Bank of Maharashtra on Tuesday reported a 44% year-on-year jump in its net profit to Rs 1,327 crore for the quarter ended September, driven by a healthy increase in the net interest income and advances. Net interest income rose 15% on year to Rs 2,807 crore, helping the net interest margin (NIM) to improve to 3.89%.
“The target for the NIM for the current fiscal is 3.75-3.85%, anticipating a rate cut during the course of the year,” managing director Nidhu Saxena said. The bank has the highest NIM among the public sector lenders. He said the bank expects the net profit to cross Rs 5,000 crore during the current fiscal.
Gross advances surged 19% to Rs 217,504 crore, while total deposits grew 15.46% to Rs 2,76,289 crore. The CASA (current and savings account) deposits increased by 12.23%, reaching Rs 1,36,174 crore. Overall, total business grew 16.90% on year. The RAM (retail, agri and MSME) segment showed a robust 26% growth.
Retail advances grew 22.53%, MSME advances by 33.86% and agriculture advances by 24.96%. Meanwhile, corporate banking remained moderated. On this, Saxena said infrastructure, pharma, renewable energy and tie-ups with term lending institutions are the preferred sectors with push from the government. “Wherever is the emphasis of the government and where we get good margins, we would like to participate.”
Despite the likelihood of moderation in net interest income, the bank was able to achieve a significant growth in NII. On the asset quality side, gross non-performing assets (NPAs) declined to 1.84% from 2.19% in the year-ago period. Net NPAs fell to 0.20% during the period under review from 0.23% in the previous quarter.

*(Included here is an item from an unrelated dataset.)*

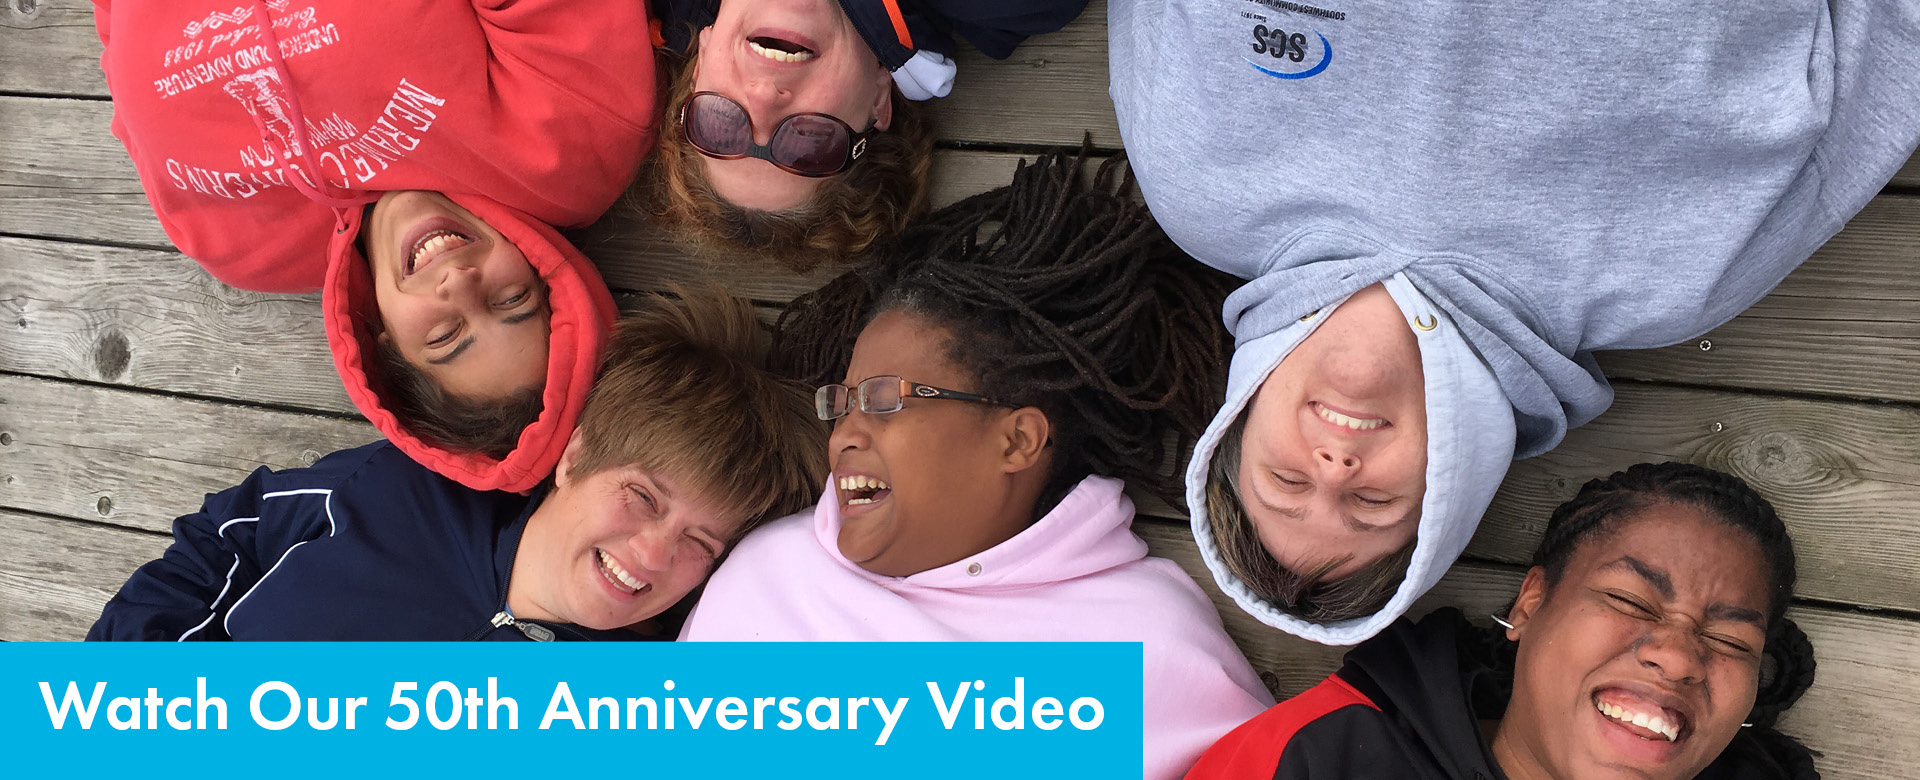 Overhead shot of 6 SSSRA participants laying on deck, laughing together. Text: Watch Our 50th Anniversary Video

Provisions for NPAs stood at Rs 598 crore for the quarter ended September, a tad higher than Rs 586.4 crore for the previous quarter, while remaining flat on year. Expecting some slippages in agri loans, additional provisions were made during the quarter, the bank said.
The capital adequacy ratio stood at 17.26% with a common equity tier 1 (CET1) ratio of 11.97%.
As of September 30, 2024, the liquidity coverage ratio was at 105%, just above the threshold of 100%. The bank is planning to raise it to 110%, keeping in mind the draft guidelines on LCR norms, which are to be implemented in April.